Par ailleurs, les médecins eux-mêmes s’opposent avec virulence à un plafonnement des dépassements d’honoraires. Ainsi, pour l’Union dentaire, ce sont "l’absence totale de revalorisation des bases de prise en charge de l’assurance maladie obligatoire de la prothèse dentaire et de l’orthodontie depuis plus de 30 ans" ainsi que "l’augmentation des charges et obligations" qui forcent les chirurgiens-dentistes à pratiquer des dépassements d’honoraires élevés. Pour le Syndicat des médecins libéraux (SML), instaurer de force un "faible niveau en France des honoraires sera un frein pour l’innovation et la qualité" des soins.

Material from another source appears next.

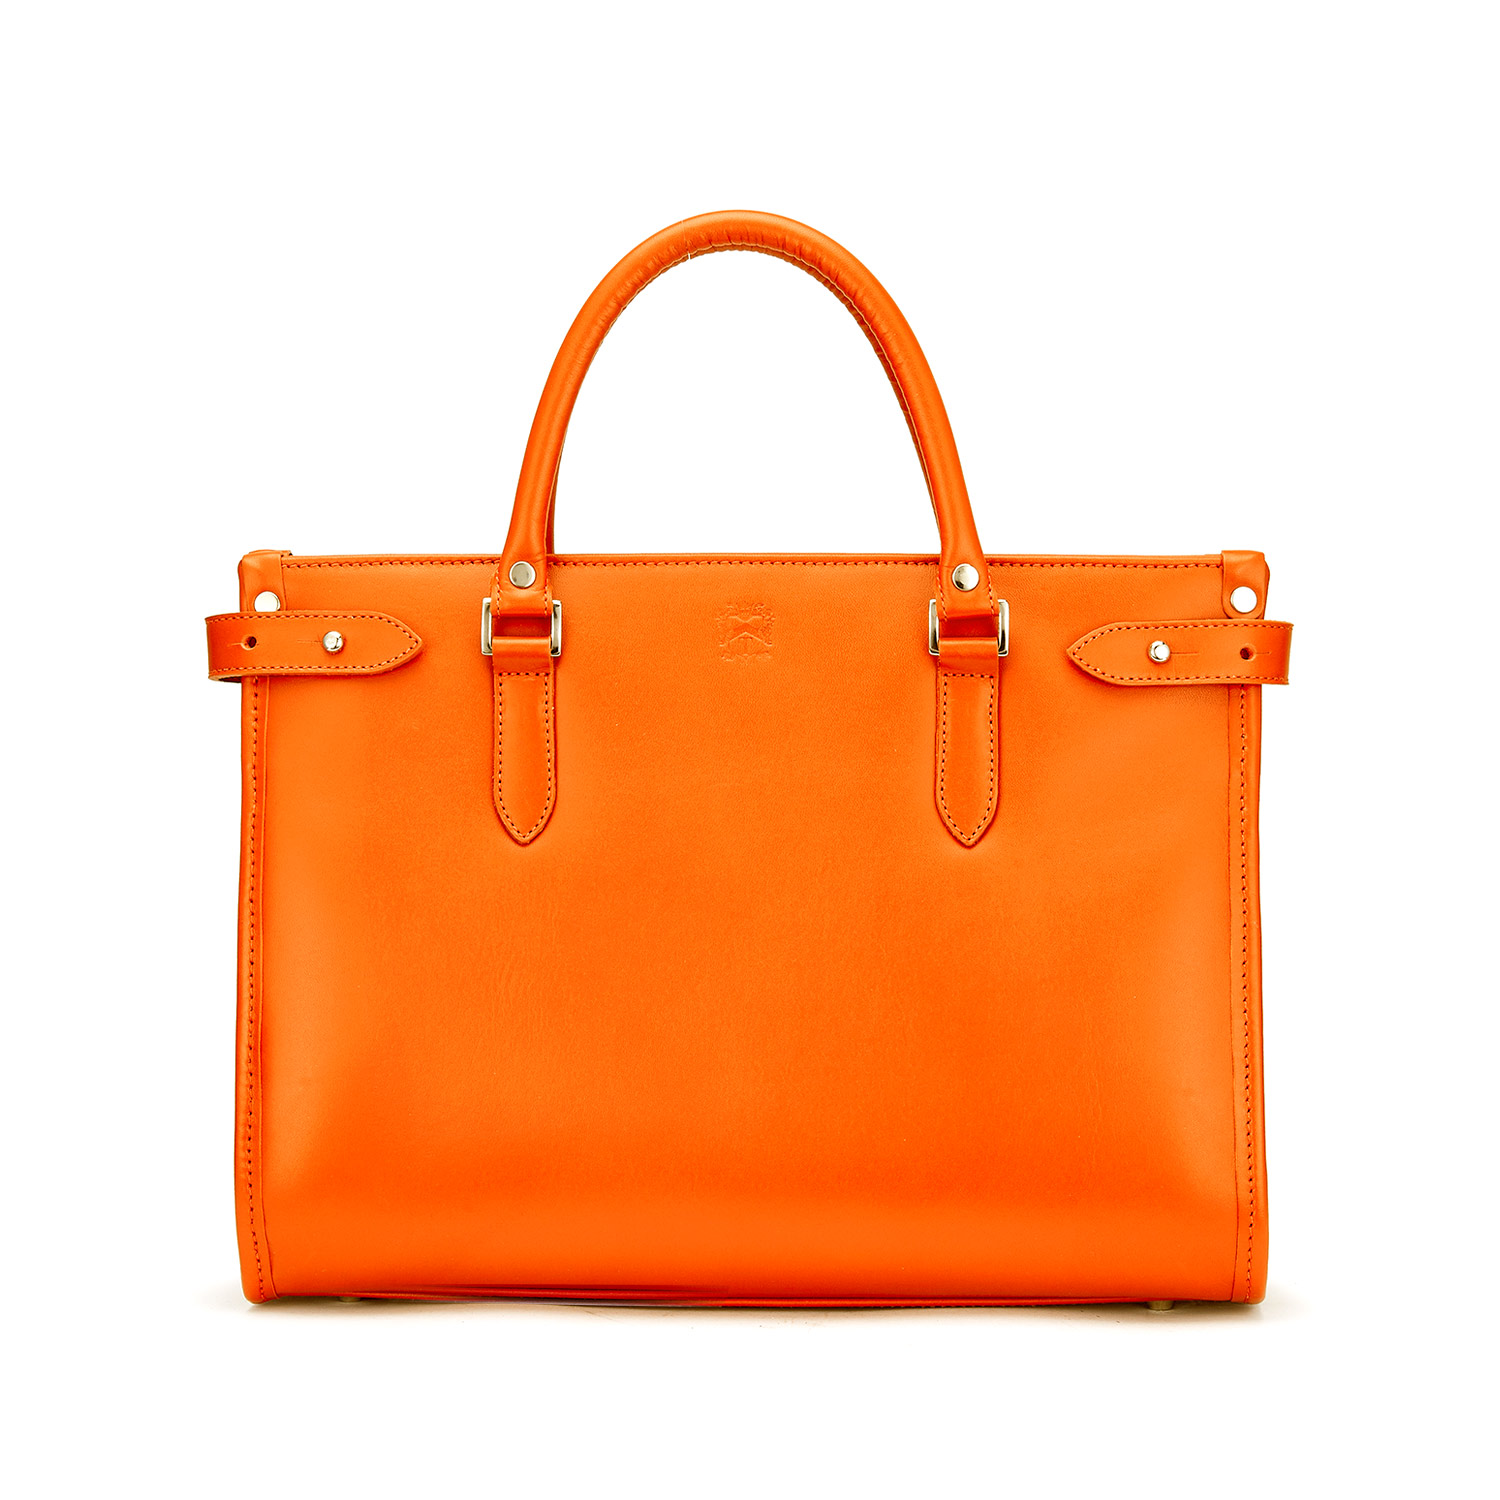 Kimbolton Luxury Leather Tote Work Bag Made in England | Tusting

Quant aux patients, ils ne sortiraient pas forcément gagnants d’une telle mesure. En effet, les médecins qui dépasseraient le plafond seraient exclus de la convention de l’Assurance maladie. Une sanction synonyme de déremboursement pour les patients, la consultation chez un médecin non conventionné n'étant remboursée qu'entre 60 centimes et 1,20 euro par la Sécurité sociale.
Limiter la libre-installation
L’autre proposition sensible formulée par la Cour des comptes concerne les déserts médicaux. "Pour obtenir un rééquilibrage" de la répartition géographique des médecins, les magistrats veulent remplacer leur liberté d'installation par le "conventionnement sélectif", déjà appliqué aux infirmiers et aux sages-femmes. Concrètement, il s’agirait de priver de conventionnement les médecins qui s’installent dans des zones déjà bien fournies en praticiens de leur spécialité.
" Toute forme de coercition sera de nature à diminuer les installations "
Deux options sont envisagées : une mesure limitée aux "zones les mieux dotées", ou un dispositif national avec "un nombre cible de postes conventionnés" dans chaque territoire. Le rapport évoque aussi la possibilité de forcer les jeunes diplômés à exercer "dans des zones sous-denses pour une durée déterminée" avant de s'installer en libéral. Des propositions qui ne séduisent pas Agnès Buzyn et Gérald Darmanin. "L’efficacité du conventionnement collectif n’est pas démontrée pour toutes les professions de santé. (…) Le maintien d’une présence médicale durable dans les territoires fragiles ne peut se faire sans l’implication des professionnels", expliquent-ils. "Toute forme de coercition sera de nature à diminuer les installations", commente en parallèle le Syndical des médecins libéraux.
"La juste répartition des professionnels de santé est un sujet complexe, et je ne crois pas à l’obligation ou au conventionnement sélectif comme la Cour le propose", déclare de son côté Nicolas Revel, directeur de la Caisse nationale d’assurance maladie (Cnam). "Il faut agir sur un ensemble de leviers, en facilitant l’installation libérale, afin de libérer du temps médical par le développement de l’exercice regroupé, les délégations de tâches entre professions de santé." Vu les nombreuses réticences, pas sûr que les mesures avancées par la Cour des comptes voient le jour dans les prochaines années.